Massenprotest in Ägypten gegen Präsident Mursis Islamisierungspläne *

Mit Massenprotesten und einem Medienstreik macht die Opposition gegen die Pläne von Ägyptens Präsident Mohammed Mursi für eine Islamisierung des Landes mobil.

Am Dienstag erschienen in Ägypten mindestens elf Zeitungen nicht, Journalisten gingen gemeinsam mit vielen anderen Aktivisten auf die Straße. Auf dem zentralen Kairoer Tahrir-Platz versammelten sich am Nachmittag Tausende Menschen, um unter dem Motto »Letzte Warnung« ihren Unmut auszudrücken.

Liberale und linke Parteien sowie revolutionäre Gruppen riefen ihre Anhänger zu dem Massenprotest auf. Geplant waren verschiedene Demonstrationszüge in den Stadtteil Heliopolis, wo sich der Sitz von Präsident Mursi im Ittihadija- Palast befindet.

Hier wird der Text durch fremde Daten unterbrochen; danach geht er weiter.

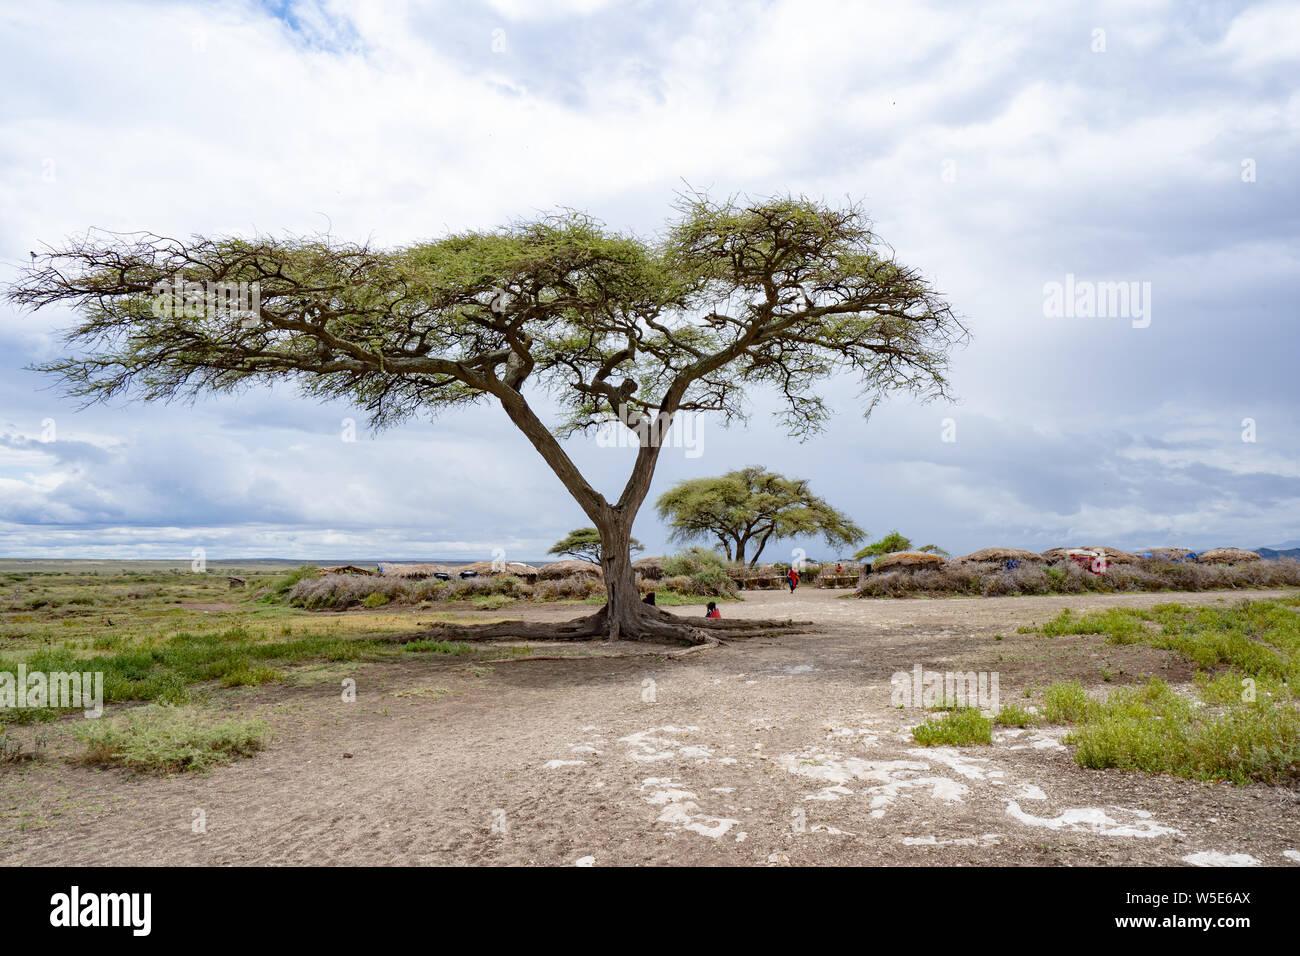 Acacia tree at Serengeti National Park, Tanzania Stock Photo

Der englischsprachige Online- Auftritt der unabhängigen Tageszeitung »Al-Masry al-Youm« war zeitweise schwarz. Dabei erklärten die Medienmacher mit Hinweis auf den Arabischen Frühling: »Sie lesen diese Botschaft, weil Egyptindependent Einspruch gegen die fortdauernde Einschränkung der Pressefreiheit erhebt, insbesondere nachdem Hunderte Menschen ihr Leben für Freiheit und Würde geopfert haben.«

Die Partei der Muslimbruderschaft »Freiheit und Gerechtigkeit « rief die Demonstranten auf, friedlich zu bleiben. Die Oppositionsführer wie Friedensnobelpreisträger Mohammed al-Baradei und der Politiker Hamdien Sabahi seien dafür verantwortlich, so die Islamisten. Schließlich habe es auch bei den Aktionen der Muslimbruderschaft am Wochenende keine Gewalt gegeben.

Über die neue Verfassung soll am 15. Dezember abgestimmt werden. Durch die darin enthaltene Ausweitung des Einflusses islamischer Gelehrter wächst die Sorge, dass dies ein erster Schritt in Richtung Gottesstaat sein könnte. Der Entwurf wird vor allem von linken und liberalen Kräften, aber auch von der christlichen Minderheit in Ägypten kritisiert. Er wurde in der Vorwoche im Eilverfahren durchgepeitscht von einem Gremium, das von Islamisten dominiert ist. Die Vorlage verleiht der Scharia und den islamischen Rechtsgelehrten ein noch stärkeres Gewicht bei der Gesetzgebung als bisher.

Die jüngste politische Krise hatte zuvor aber schon ein Verfassungsdekret Mursis ausgelöst. Der Präsident hatte damit seine Machtbefugnisse auf Kosten der Justiz stark erweitert.